Now what a mess! Well - if you decide to use not existing feature - prepare - it will look bad, work worse and you will permanently feel ashamed of what you did. So step by step:

I need pgpool IP and port to remotely connect to it, both to query “show pool_nodes” and to log steps and to run commands.
I’m piping some dbg info to /tmp/d over ssh, because the command will be executed on master side, which will change after failing over
I can use the result of “show pool_nodes” to get the running master connection info simply filtering with WHERE clause
I will need double quotes in argument for pg_rewind, which will need to run over ssh, so I just split the command for readability, then echo it and run
Preparing recovery.conf based on output from “show pool_nodes” (writing it I ask myself - why did I not just use pgpool IP and port instead?..
Starting new failover slave (I know I’m supposed to use 2nd step - just skipped to avoid getting all IPs and port over again)

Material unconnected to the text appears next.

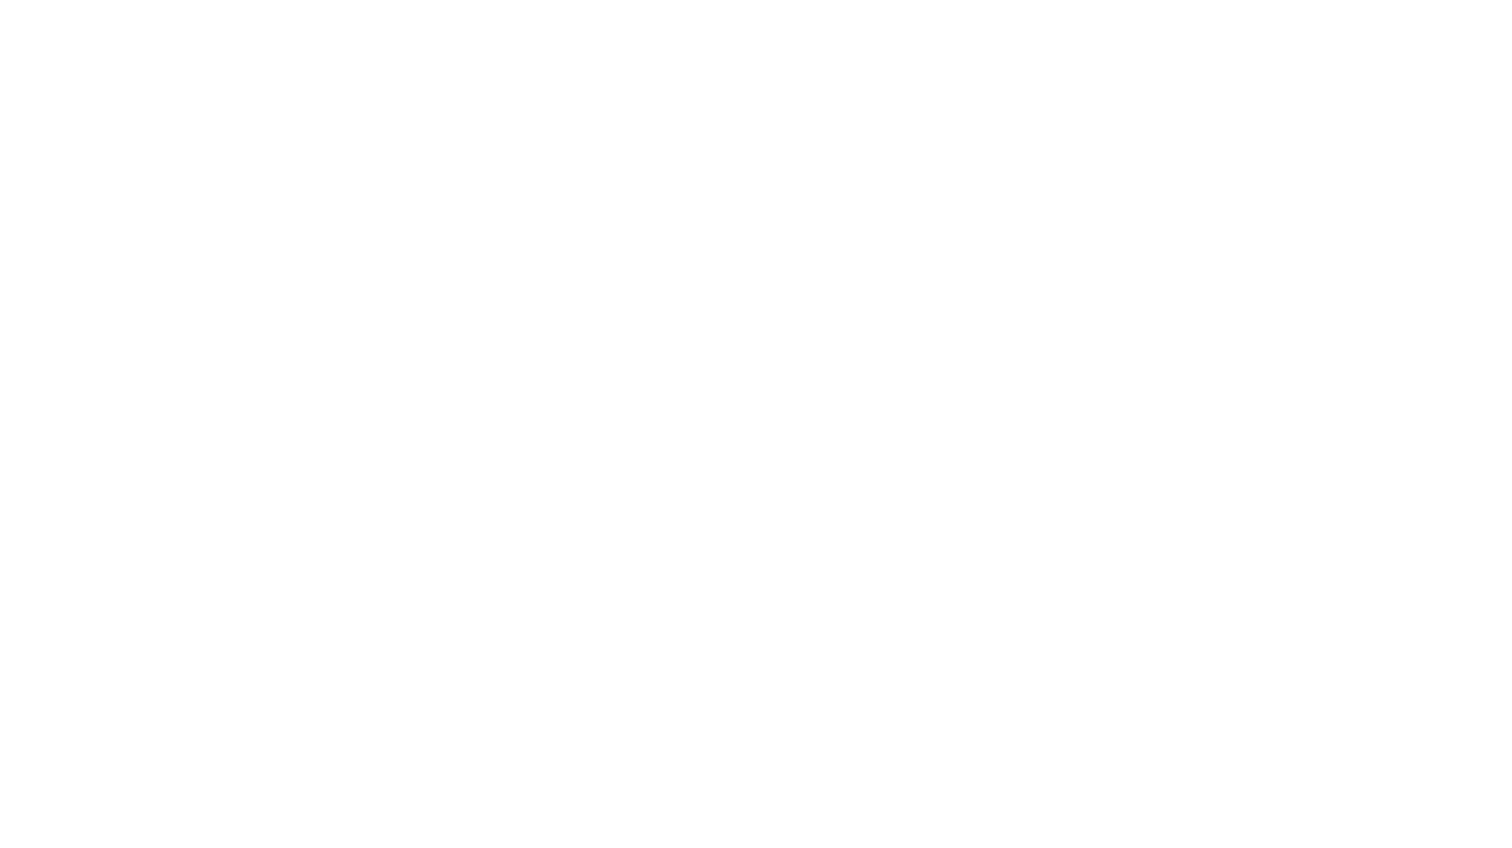 Infinite Innovation Background - Infinite Innovation | Infinite Innovation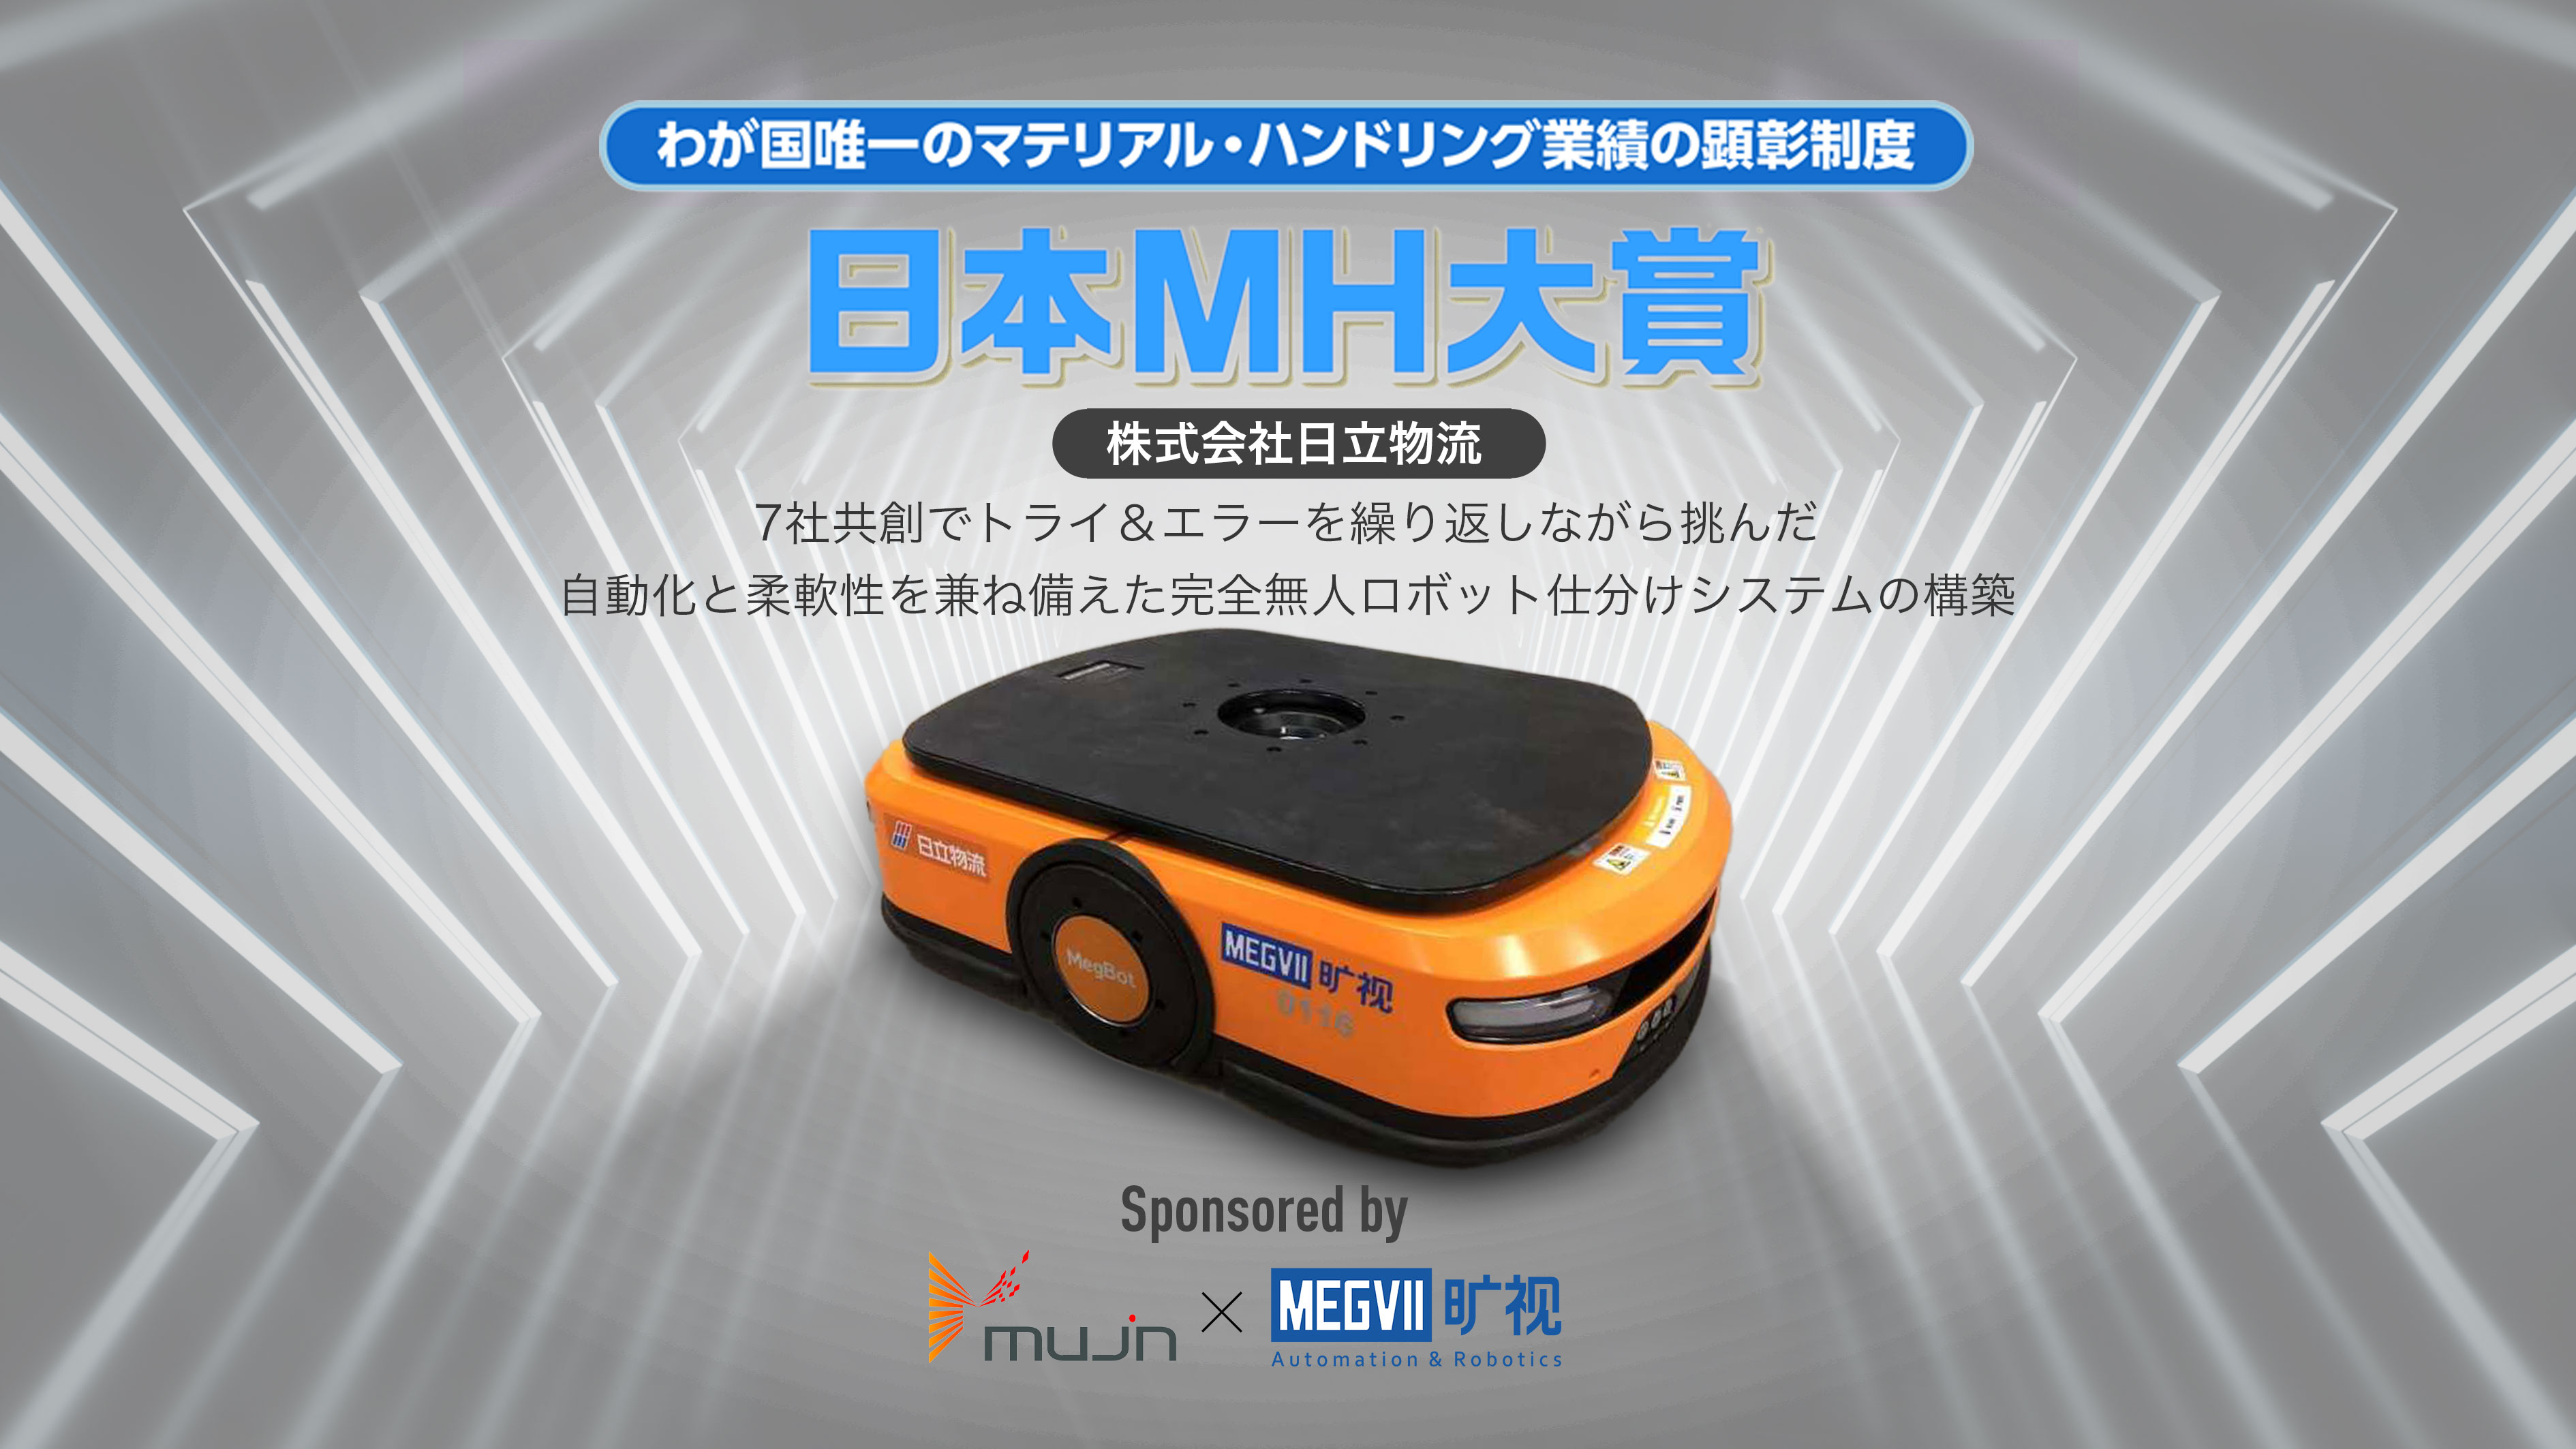 Cheerful news！！！！Megvii Hitachi Logistics Solution won Japan MH Award!

Now what’s left - trying to use this mess in pcp:

root@u:~# pcp_recovery_node -h 127.0.0.1 -U vao -n 0 -w
pcp_recovery_node -- Command Successful
root@u:~# psql -h localhost -p 5433 t -c"select nid,port,st,role from dblink('host=10.1.10.124 port=5433','show pool_nodes') as t (nid int,hostname text,port int,st text,lb_weight float,role text,cnt int,cur_node text,del int)"
 nid | port | st |  role
-----+------+----+---------
   0 | 5400 | up | standby
   1 | 5401 | up | primary
   2 | 5402 | up | standby
(3 rows)

Checking the /tmp/d on pgpool server:

root@u:~# cat /tmp/d
Tue May  1 11:37:59 IST 2018 ssh -T postgres@10.1.10.147 /usr/lib/postgresql/10/bin/pg_ctl -D /pg/10/m2 promote
waiting for server to promote.... done
server promoted
online recovery started on u2 2018-05-01 /pg/10/m2/or_1st.sh /pg/10/m2
ssh -T 10.1.10.124 'pg_rewind -D --source-server="port=5401 host=10.1.10.147"'
ssh -T 10.1.10.124 pg_ctl -D start
OR finished 2018-05-01

Now obviously we want to roll it over again to see if it works on any host:

postgres@u:~$ ssh -T 10.1.10.147 pg_ctl -D /pg/10/m2 stop             waiting for server to shut down.... done
server stopped
postgres@u:~$ psql -h localhost -p 5433 t -c"select nid,port,st,role from dblink('host=10.1.10.124 port=5433','show pool_nodes') as t (nid int,hostname text,port int,st text,lb_weight float,role text,cnt int,cur_node text,del int)"
 nid | port |  st  |  role
-----+------+------+---------
   0 | 5400 | up   | primary
   1 | 5401 | down | standby
   2 | 5402 | up   | standby
(3 rows)

root@u:~# pcp_recovery_node -h 127.0.0.1 -U vao -n 1 -w

postgres@u:~$ psql -h localhost -p 5433 t -c"select nid,port,st,role from dblink('host=10.1.10.124 port=5433','show pool_nodes') as t (nid int,hostname text,port int,st text,lb_weight float,role text,cnt int,cur_node text,del int)"
 nid | port | st |  role
-----+------+----+---------
   0 | 5400 | up | primary
   1 | 5401 | up | standby
   2 | 5402 | up | standby
(3 rows)

Log looks similar - only IP and ports have changed:

 Tue May  1 11:44:01 IST 2018 ssh -T postgres@10.1.10.124 /usr/lib/postgresql/10/bin/pg_ctl -D /pg/10/m promote
waiting for server to promote.... done
server promoted
online recovery started on u 2018-05-01 /pg/10/m/or_1st.sh /pg/10/m 10.1.10.147 /pg/10/m2 5400
ssh -T 10.1.10.147 'pg_rewind -D /pg/10/m2 --source-server="port=5400 host=10.1.10.124"'
ssh -T 10.1.10.147 pg_ctl -D /pg/10/m2 start
online recovery started on u 2018-05-01 /pg/10/m/or_1st.sh /pg/10/m
ssh -T 10.1.10.147 'pg_rewind -D --source-server="port=5400 host=10.1.10.124"'
ssh -T 10.1.10.147 pg_ctl -D start
OR finished 2018-05-01

In this sandbox, the master moved to 5401 on failover and after living there for a while it moved back to 5400. Using pg_rewind should make it as fast as possible. Previously the scary part of automatic failover was - if you really messed up the config and did not foresee some force majeure, you could run into automatic failover to next slave and next and next until there is no free slave left. And after that, you just end up with several split brained masters and no failover spare. It’s a poor consolation in such scenario to have even more slaves to failover, but without pg_rewind you would not have even that. “Traditional” rsync or pg_basebackup copy ALL $PGDATA over to create a standby, and can’t reuse the “not too much different” ex master.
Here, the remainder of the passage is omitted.